Граница

                ГРАНИЦА


                Ничья земля

Межграничье оплетено колючей проволокой, с прыгающими лягушками-минами во рвах и древними противотанковыми, в ржавых иглах ежами на болотах.

Часовые в ватниках, валенках и шапках-ушанках, а также в натовских ихтиандровских смарт-скафандрах- сменяются круглосуточно.

Тут сходятся земли пяти стран. Норвегия, Швеция, Финляндия, Россия и растворенная в них всех Лапландия, она же Биармия, она же Саамеедна

Столетия сменяют друг друга, а река Лыбдын все так же, русалочьи плеща и хохоча, вьется и всячески выделывается, протекая по долине Ляпси-Дрябси.

И очень разные существа приходят к ней испить водицы.

Вся наша жизнь происходит в Межграничье, и податься нам отсюда особо некуда (умереть разве).

Направо пойдешь – будка, вышка, не влезай, убьет.

Налево пойдешь –  сторож и шлагбаум.

Прямо пойдешь – видеоглаз, государево око.

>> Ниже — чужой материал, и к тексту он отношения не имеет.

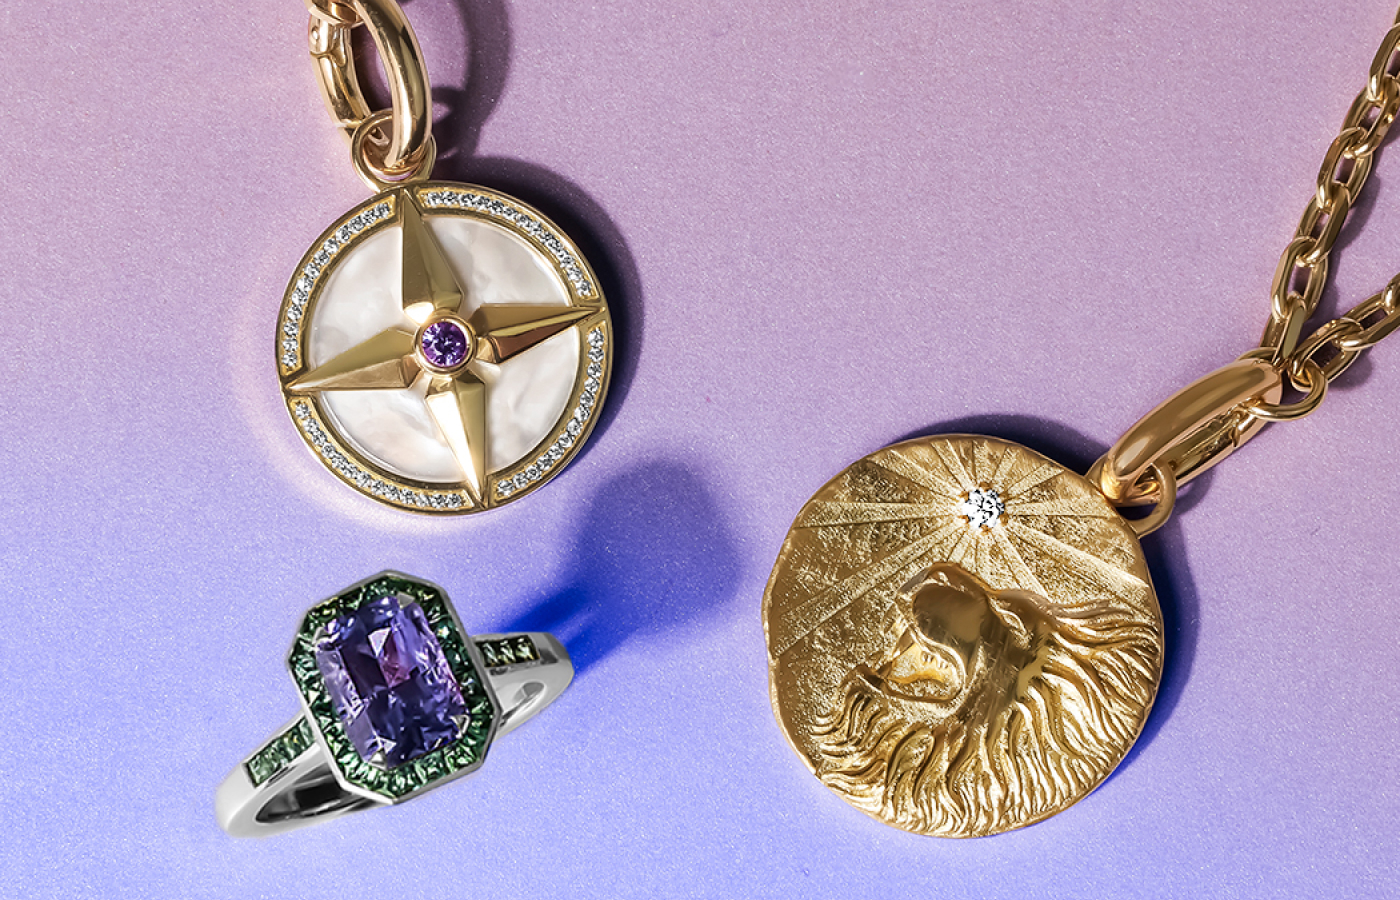 Pragnell Zodiac inspired jewels in gold, coloured gems and diamonds

И всюду нельзя (низзя – тут главное слово).

Закрой деверь, покажь пропуск, паспорт предъяви, и чтоб со всеми печатями и штампами в отведенных для них графах. И без бумажки ты букашка, но и с бумажкой букашка тоже, хоть и обумаженная. Стой-стрелять-буду, шаг вправо-шаг влево приравнивается к побегу. Лежать! Бояться!

Кто это придумал, что шлагбаумы полосатые? Зачем они как зебры: черное, белое, черное, белое? А если сесть верхом на эту зебру и поскакать, поскакать!

Можно до Белого моря доскакать на заборе! Нельзя до черного горя доскакать на заборе!

Мы живем не по ту сторону границы и не по эту.

Везде живем.

И нигде.

Наша земля - ничья.

Нейтральная полоса.

А на нейтральной полосе, как известно - цветы необычайной красоты.

Кто это - мы?

Гиперборейцы.

Биармейцы.

Ультиматульцы.





                Домик-крошечка, в три окошечка

С вышек хорошо просматривается архангелами-полицейскими наш домик картонный, самострой незаконный, вечная времянка.

Низзя тут строиться.

Низзя, но ницшего.

Поставлю тебя на ладошку, маленький домик счастья, и буду любоваться.

Домик-крошечка в три окошечка, на прицеле у всех часовых, стоял на краю света при всех политических режимах. И жили в нем, поживали, Кукушка и Петух. Власть выбирала мишени покрупнее. Ни у богов, ни у супостатов, ни у родных начальников до Кукушки и Петушка руки (ружья) не дошли.

За что же, не боясь греха, петушка хвалит кукуха – за то, что хвалит он петушку. И никаких  «как им не стремно друг дружку хвалить?».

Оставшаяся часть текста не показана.